Neulich, auf dem Weg zum Abendmahlsgottesdienst, als ich an so vieles dachte, was Gott mir Gutes getan hat, formte sich in mir leise ein Gedanke: Ich bin da, Hoffnung in die Welt zu bringen. An meinen Ort, wo ich gerade bin, zu den Menschen, mit denen ich gerade zu tun habe. Damit andere hoffen können. Mein Leben kann Zeugnis sein für die Wunder, die der lebendige Gott im Leben eines einzelnen Menschen tun und welche Auswirkungen das auf das Umfeld haben kann.

Die Hoffnung, die in mir ist und von der ich erzählen kann, ist das Wunder meines So-geworden-Seins, die Kämpfe um die zwei Lebensthemen und wie Gott mir darin begegnet ist. Von den Träumen, die Realität werden wollten.

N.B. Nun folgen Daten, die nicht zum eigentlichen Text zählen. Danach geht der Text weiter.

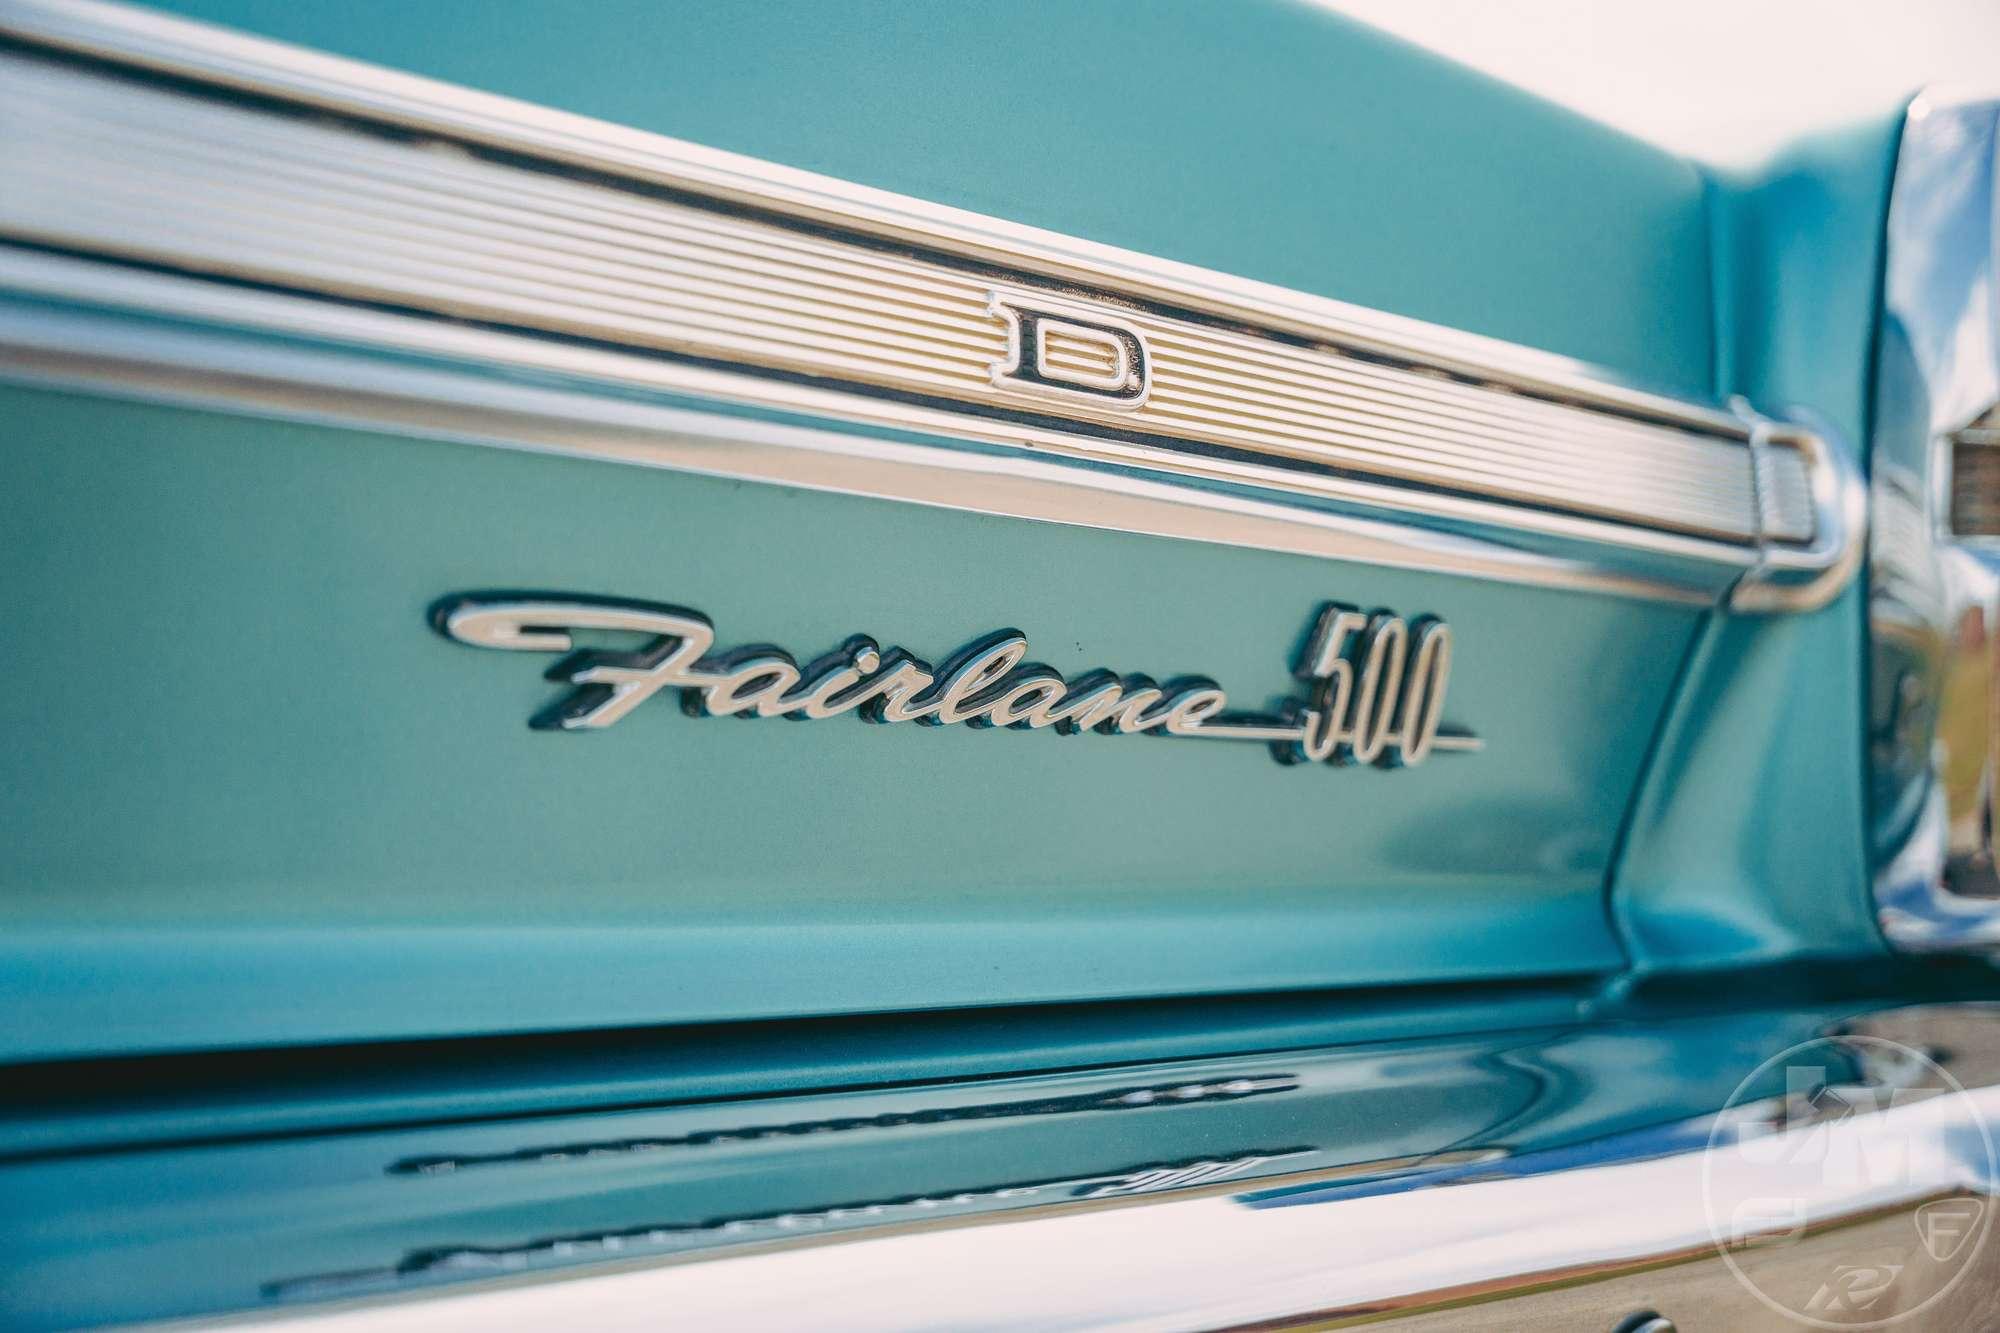 1967 FORD FAIRLANE 500 VIN: 7K35C126886

Das erinnert mich an den Vers, der mir in den Monaten vor meinem Eintritt in die OJC-Kommunität entgegenkam, wie persönlich zu mir gesprochen: Wer immer sein Vertrauen auf mich setzt, aus dessen innerstem Sein werden, wie die Schrift sagt, Flüsse lebendigen Wassers fließen (Joh 7,38). Damals wünschte ich: Ja, genau so ein Mensch möchte ich werden: vertrauen und fließen lassen. Das Ja zum Leben durchhalten.

Ich glaube, dass mein Leben einen Unterschied machen kann. Bestimmte Menschen und ihre Lebenszeugnisse haben für mein Leben auch den Unterschied ausgemacht.

Vielleicht lebe ich heute, um diesen Text zu schreiben. Um Mut zu machen. Um von der Hoffnung Zeugnis zu geben, die mein Leben verändert hat.